---- SOURCE RECORDS

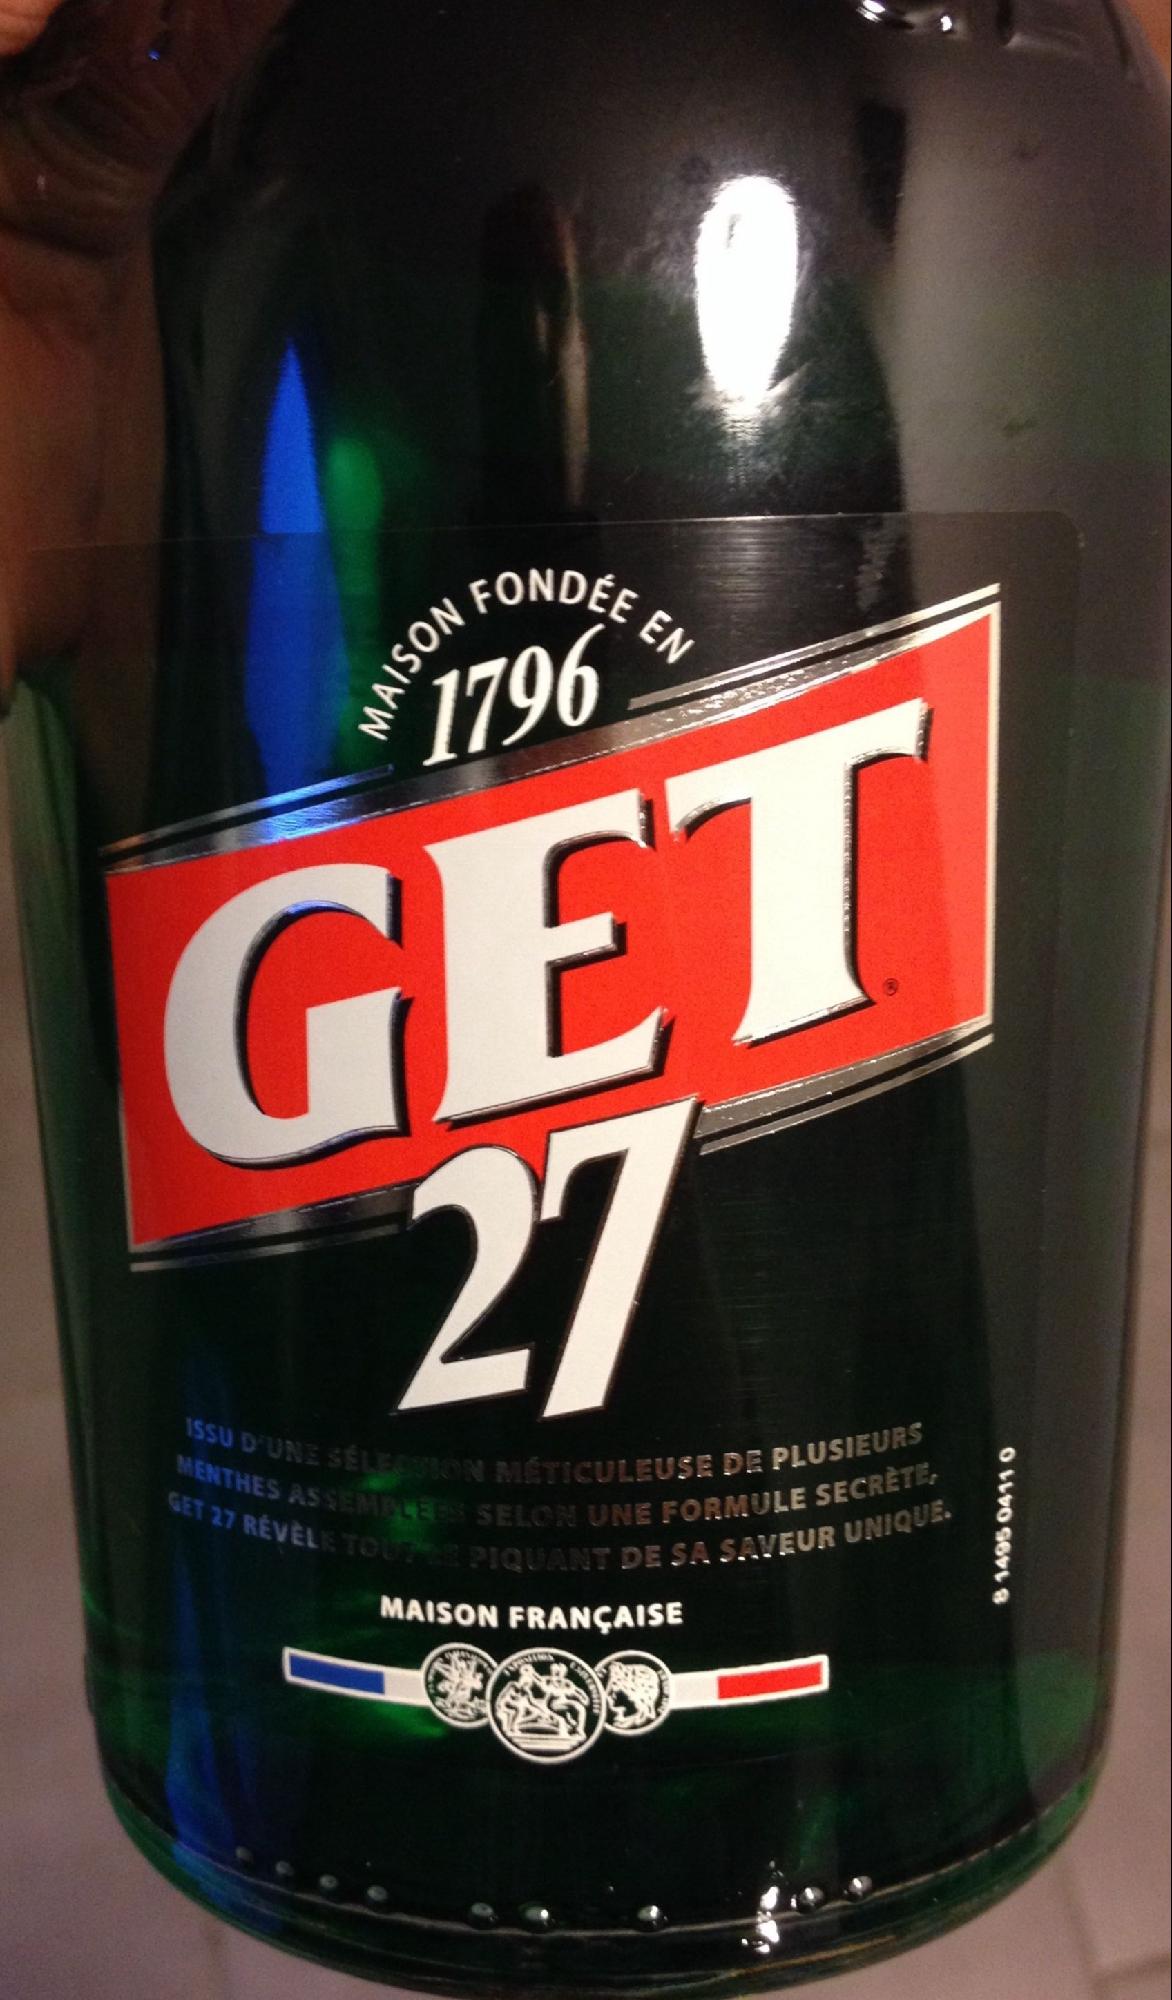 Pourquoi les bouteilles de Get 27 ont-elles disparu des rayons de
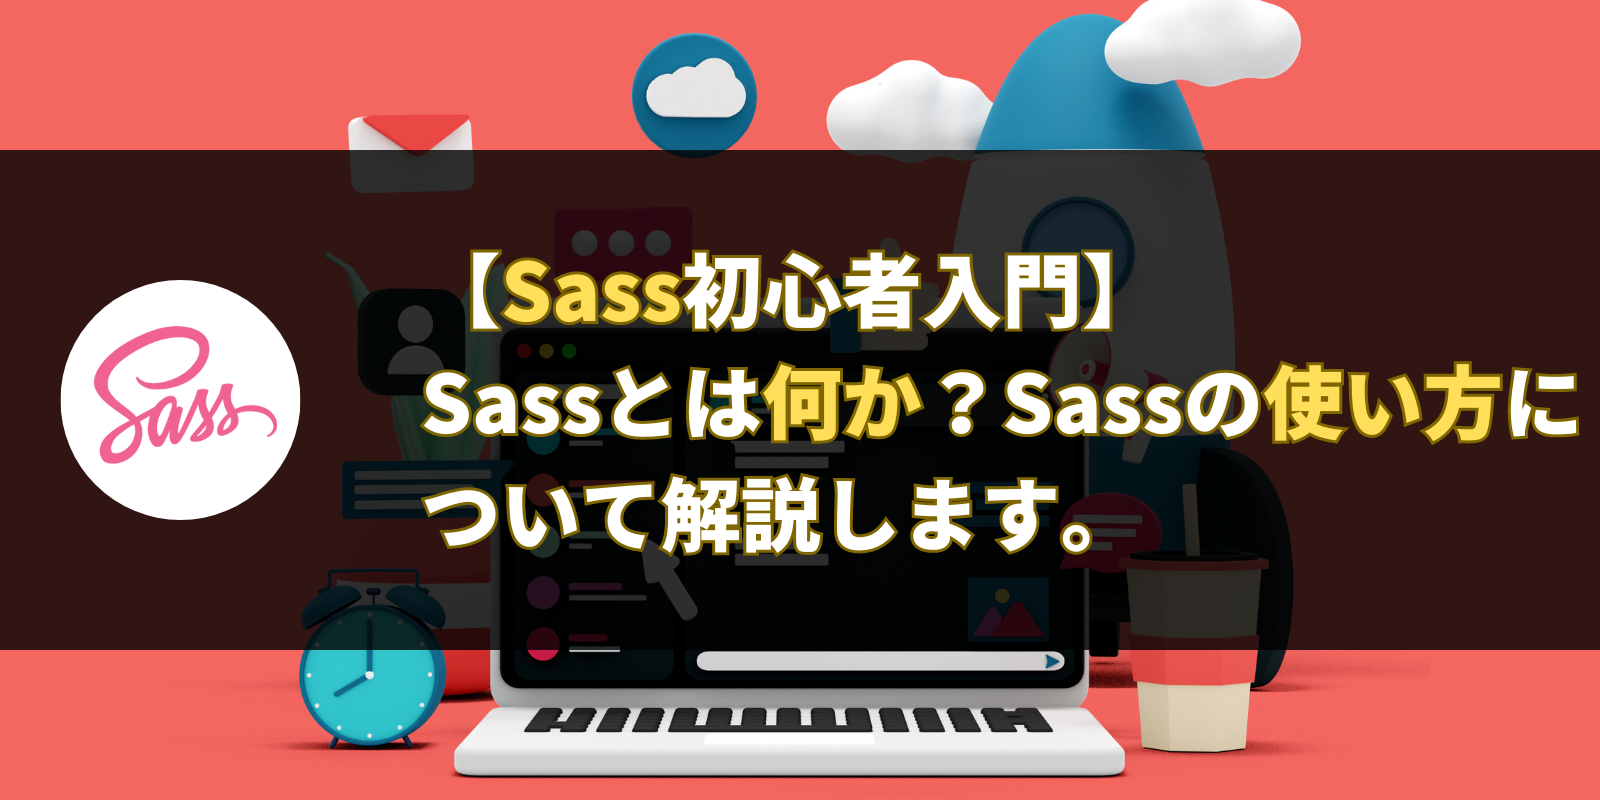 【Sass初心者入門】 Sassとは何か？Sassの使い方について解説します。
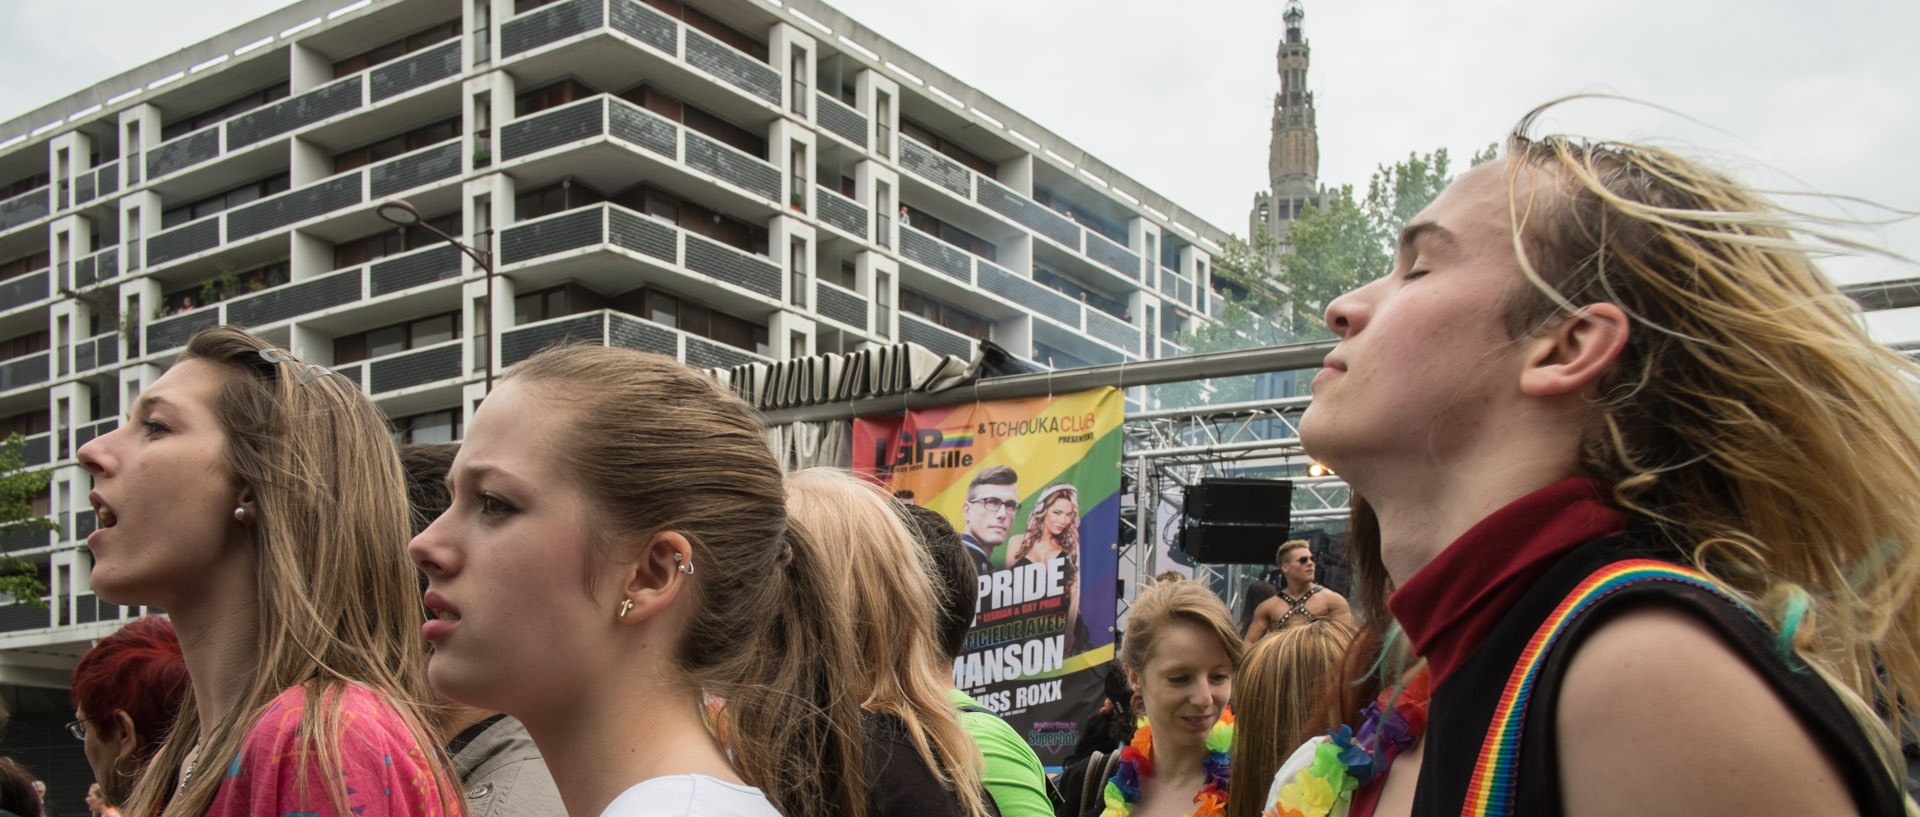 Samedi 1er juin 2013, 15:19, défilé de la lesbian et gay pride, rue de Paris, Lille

--------
---- SOURCE RECORDS

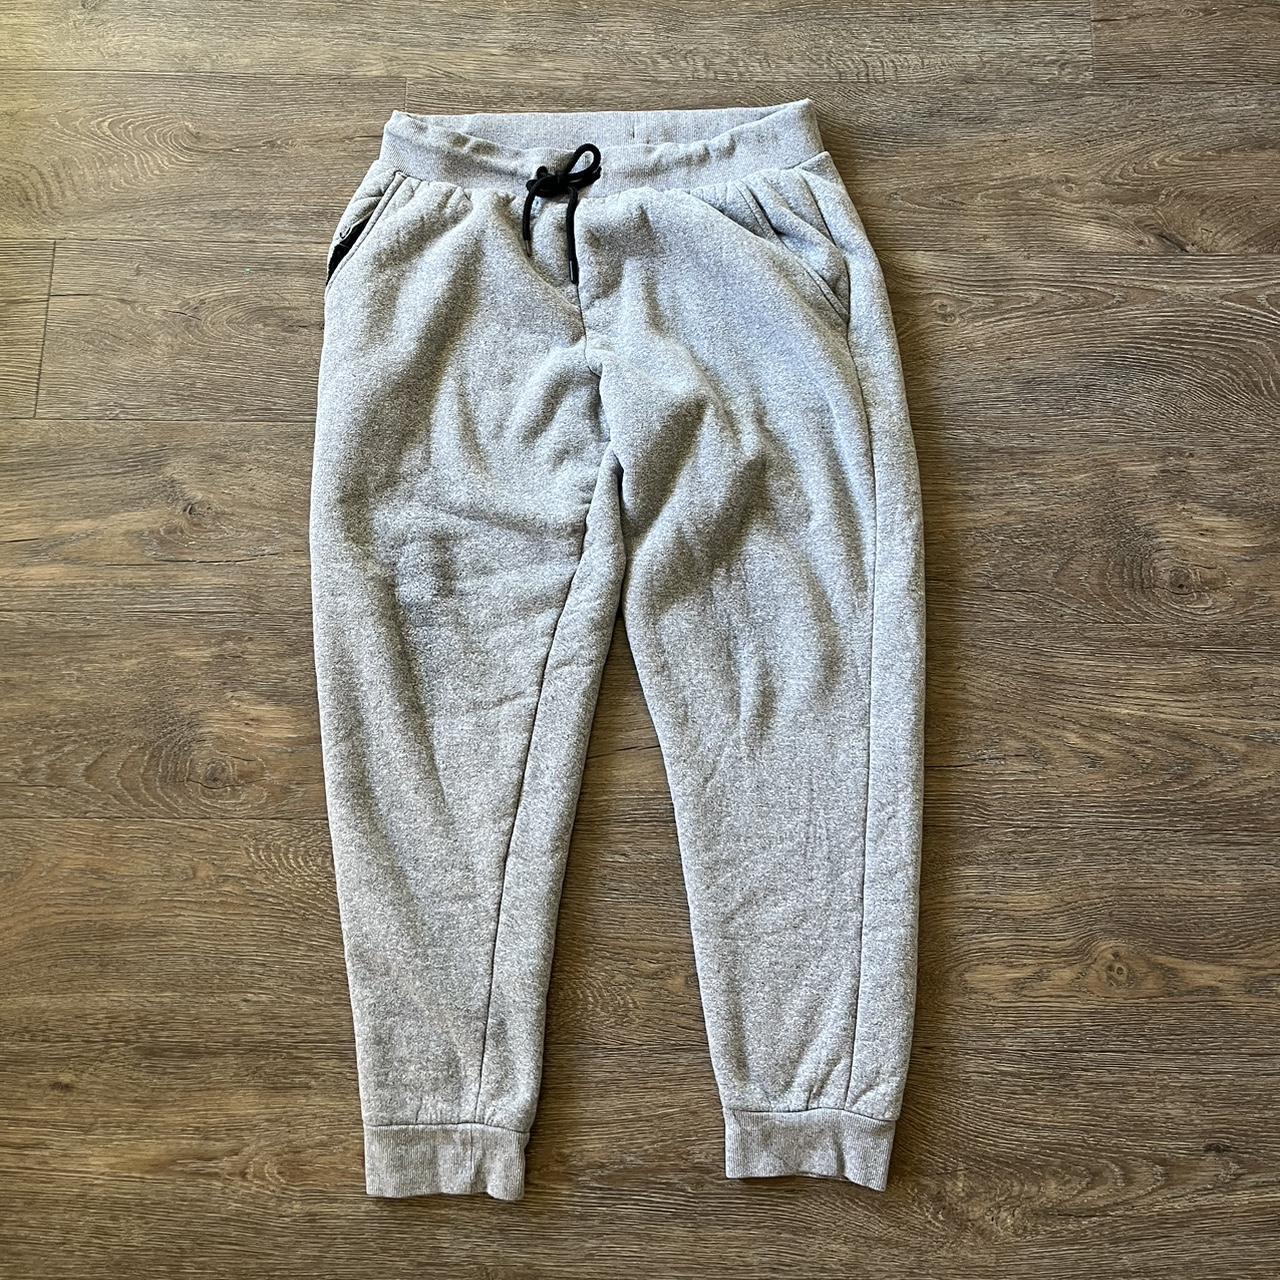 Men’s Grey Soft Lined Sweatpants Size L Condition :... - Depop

--------
---- SOURCE RECORDS

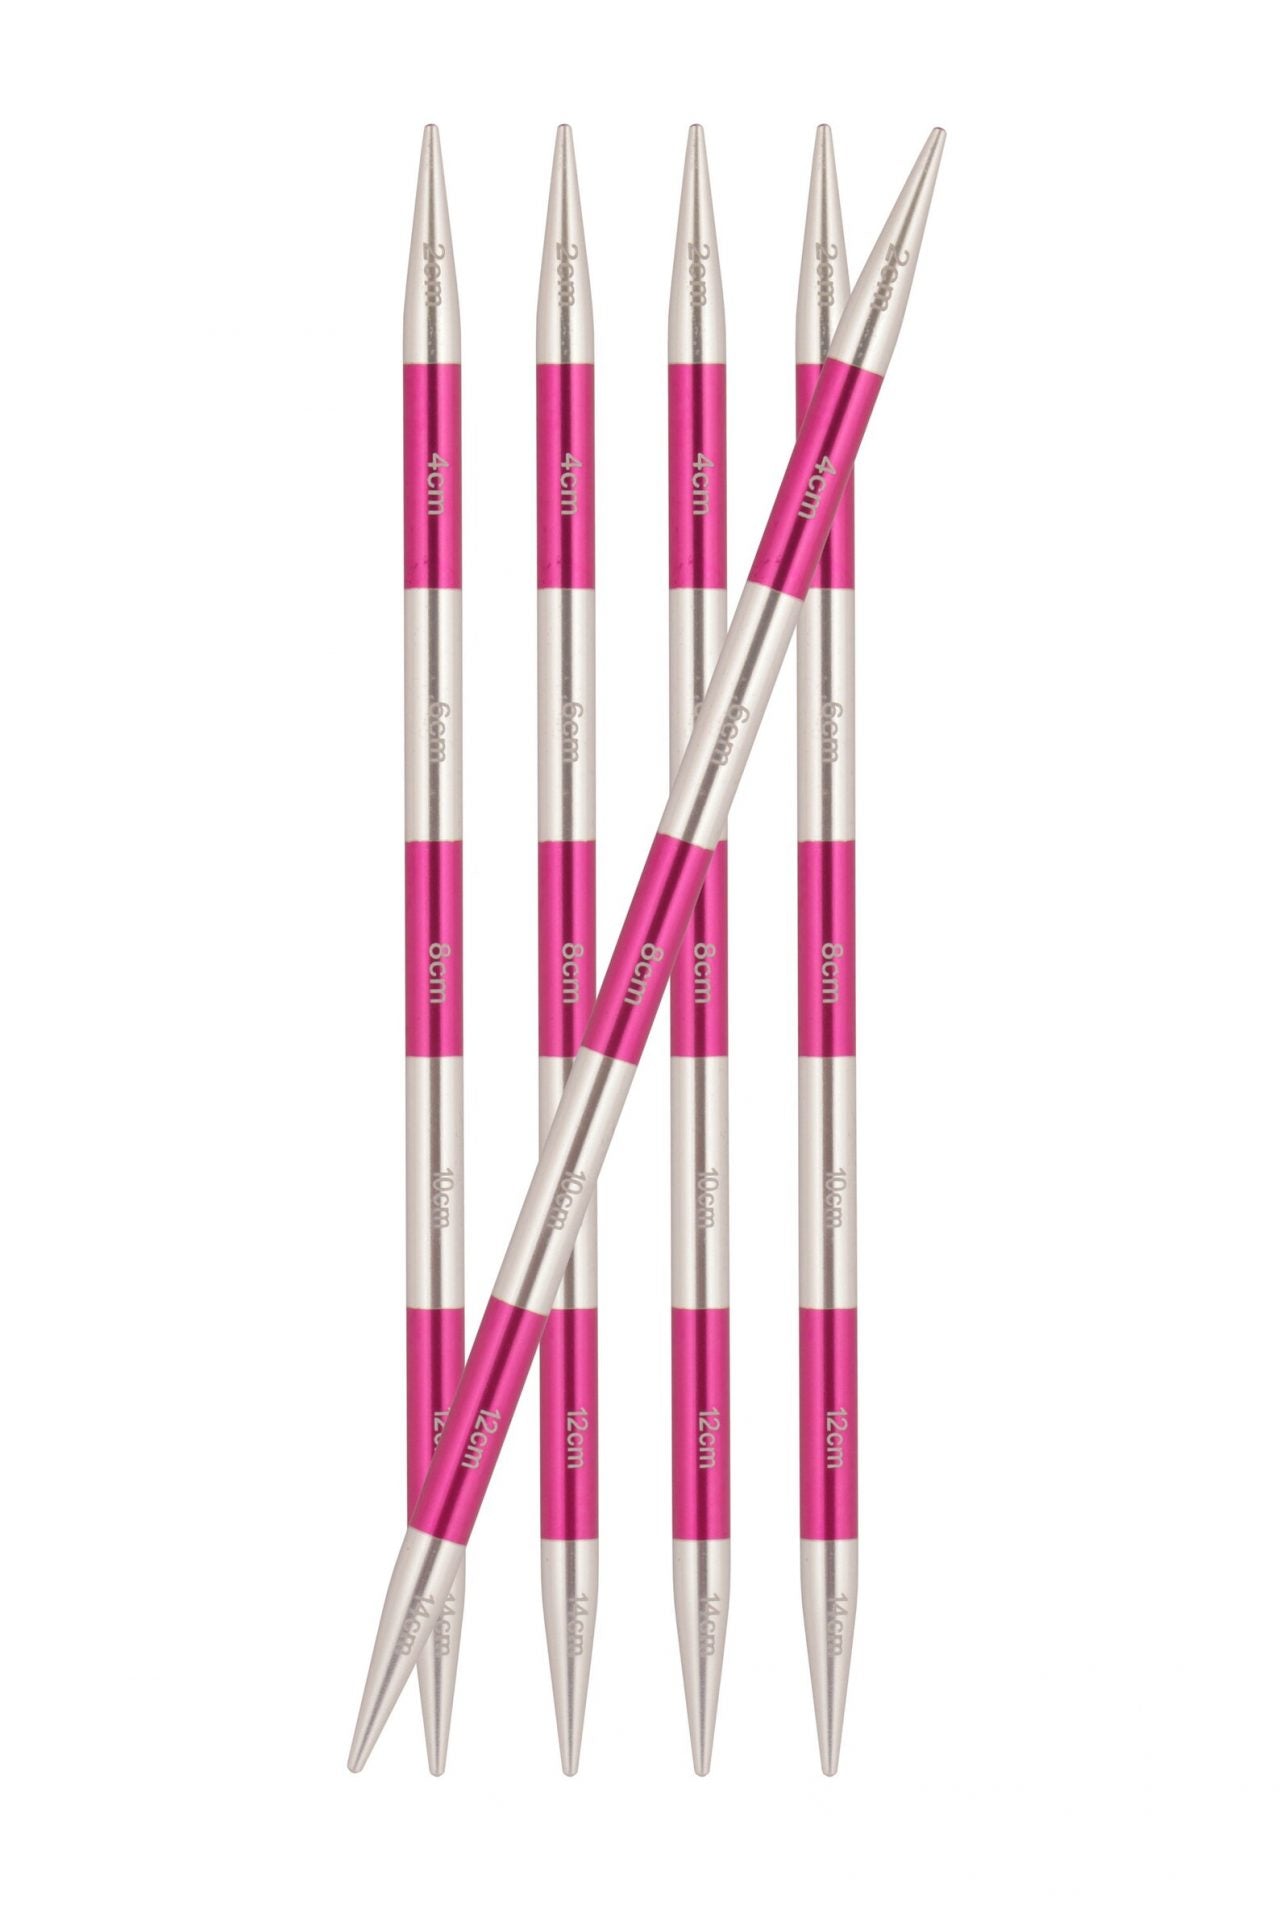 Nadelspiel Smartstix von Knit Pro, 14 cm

--------

HOW TO COMPLETE THIS TASK –
In the data above, find the line with "Pourquoi les bouteilles" and the line with "Samedi 1er juin". Please copy exactly those two lines and every line between them, but not the pictures.

RESULT OF THIS TASK –
 Pourquoi les bouteilles de Get 27 ont-elles disparu des rayons de
 【Sass初心者入門】 Sassとは何か？Sassの使い方について解説します。
 Samedi 1er juin 2013, 15:19, défilé de la lesbian et gay pride, rue de Paris, Lille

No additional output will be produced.